4.4 Investigating neurogenesis in the cochlea

Previous studies reported SGN densities that were greater than normal following treatment with neurotrophic factors (Glueckert et al., 2008; Miller et al., 2007; Shepherd et al., 2005), suggesting that neurogenesis may be induced by these treatments. However, no evidence of neurogenesis as a result of cell division was evident in the present study.

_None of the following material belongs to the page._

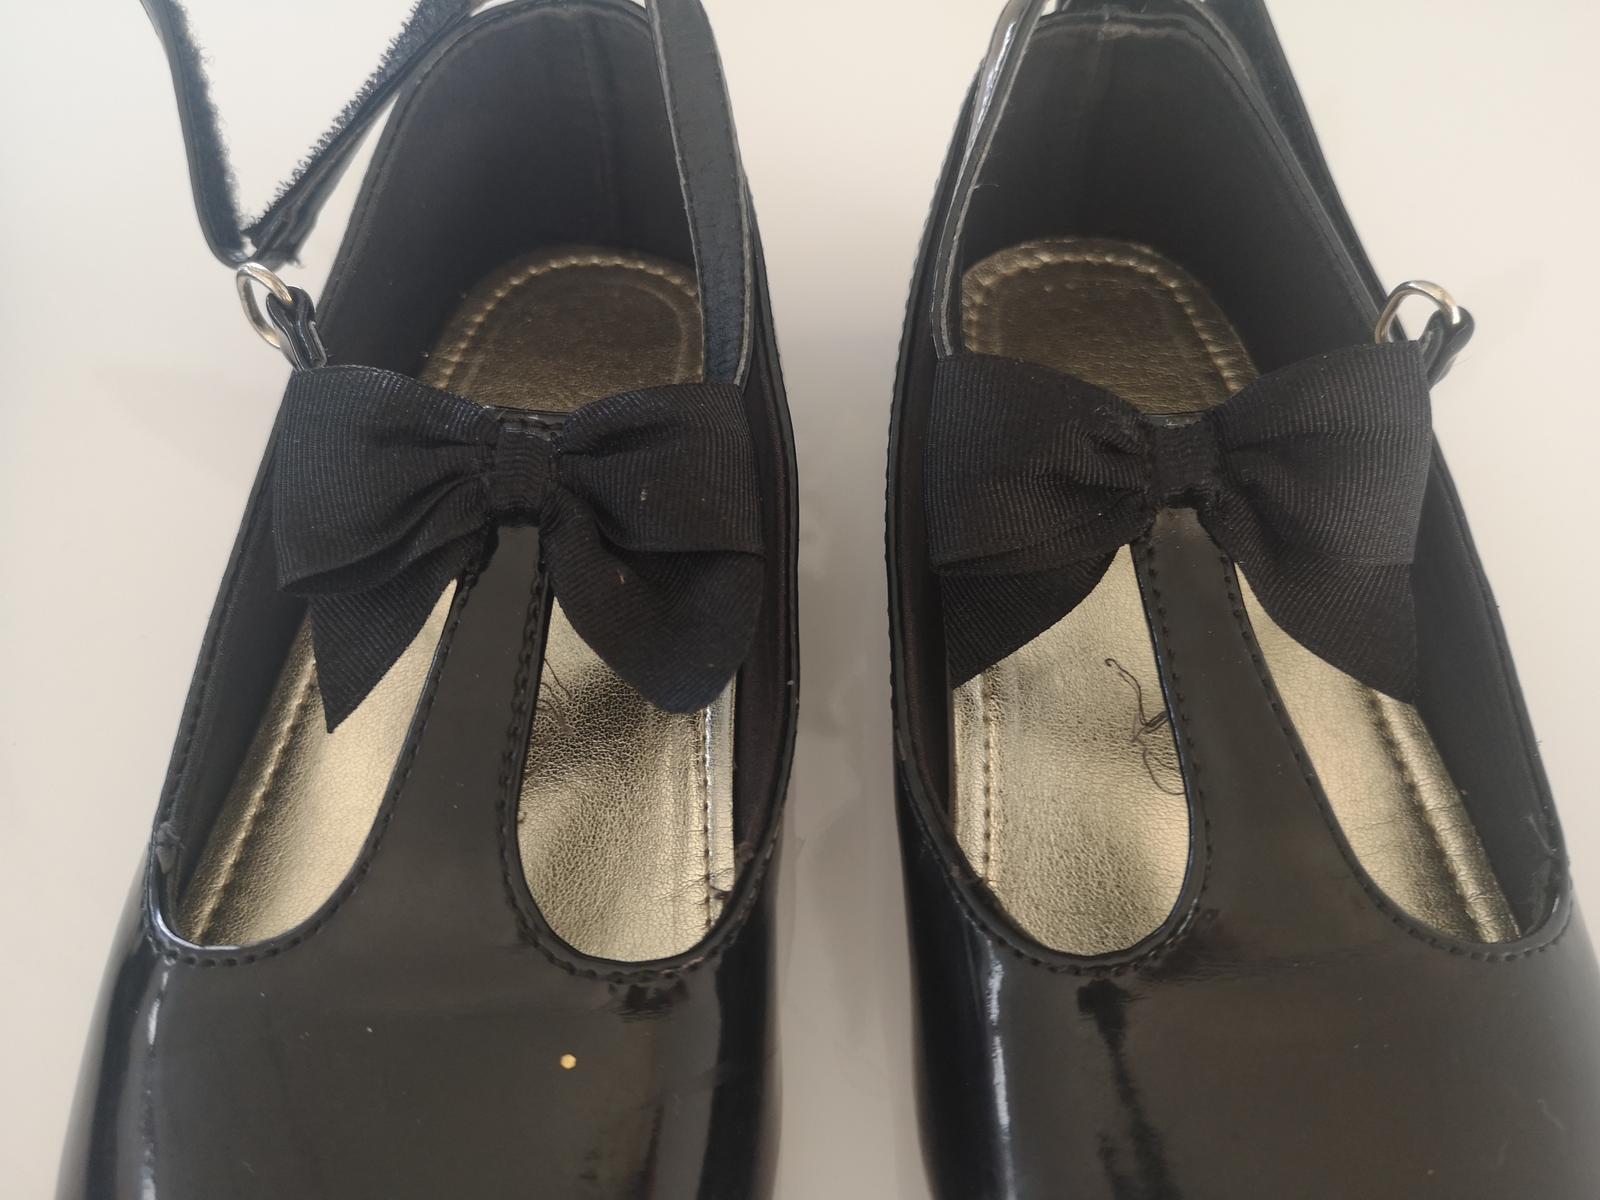 sandálky - Obrázek č. 1
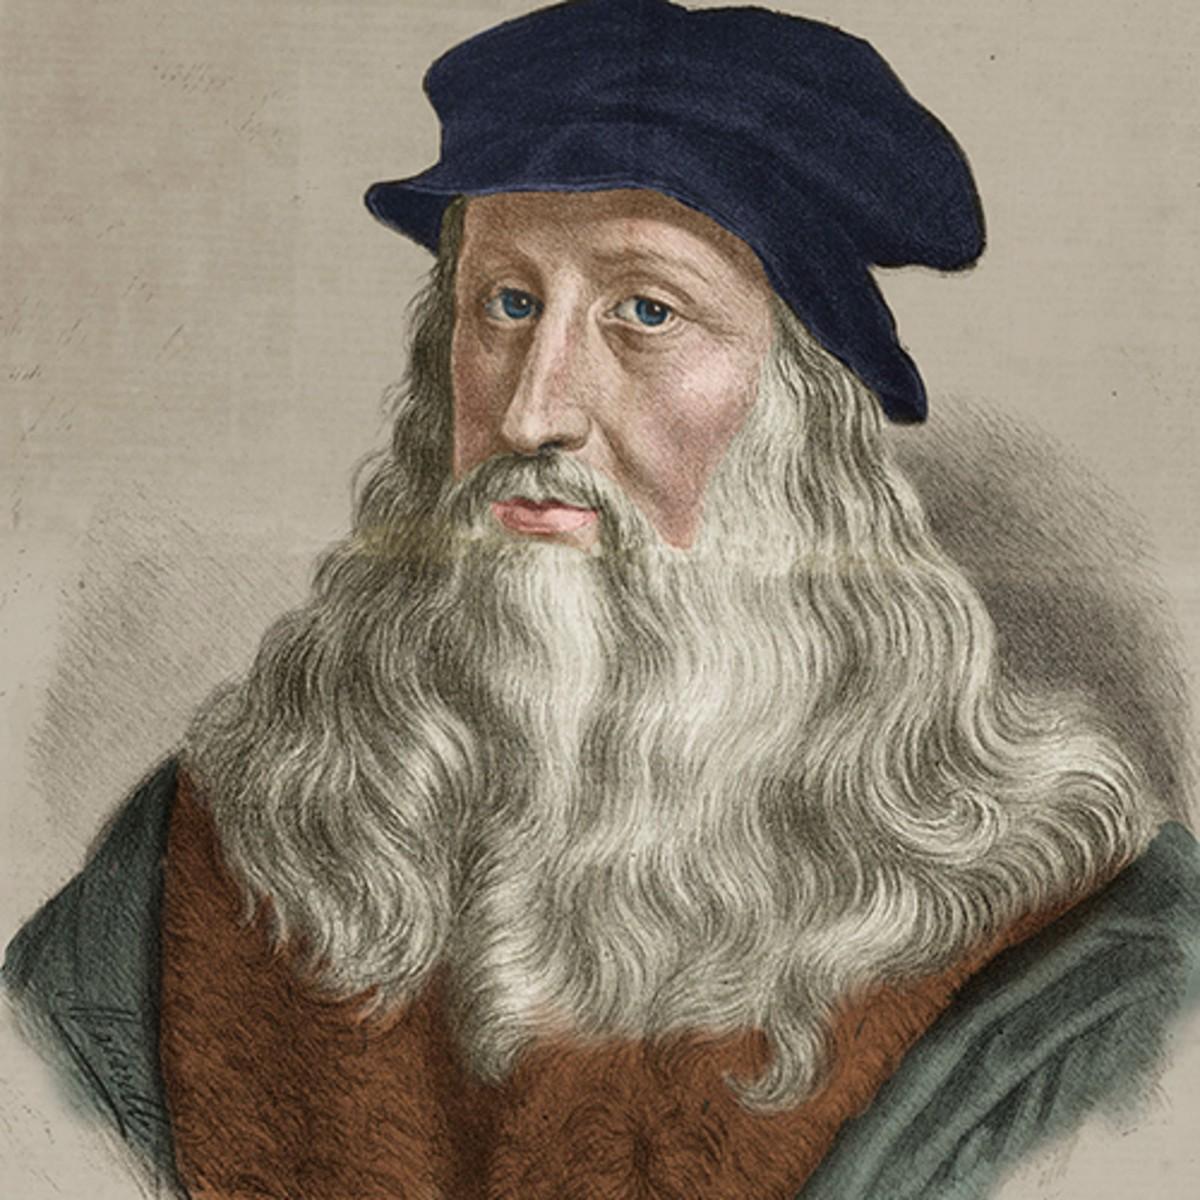 Chân dung Da Vinci qua tranh vẽ.

The appropriate control measures were taken to ensure that the application and detection was successful, and evidence of this success was apparent in positive and negative control tissues, as well as positive labeling in non-neuronal cochlear cells. Although there were no indications that new neurons were present in the cochlea from newly divided cells, this does not rule out the possibility that new neurons were present, but had differentiated from pre-existing neural progenitor cells. However, in vitro studies showed neurogenesis in pharmacologically treated spiral ganglion explants by induced mitosis (Rask-Andersen et al., 2005; Wei et al., 2007), supporting a mitotic route for SGN neurogenesis. Those studies also suggest that other trophic factors such as glial-derived neurotrophic factor may more readily produce spiral ganglion neurogenesis than NTs.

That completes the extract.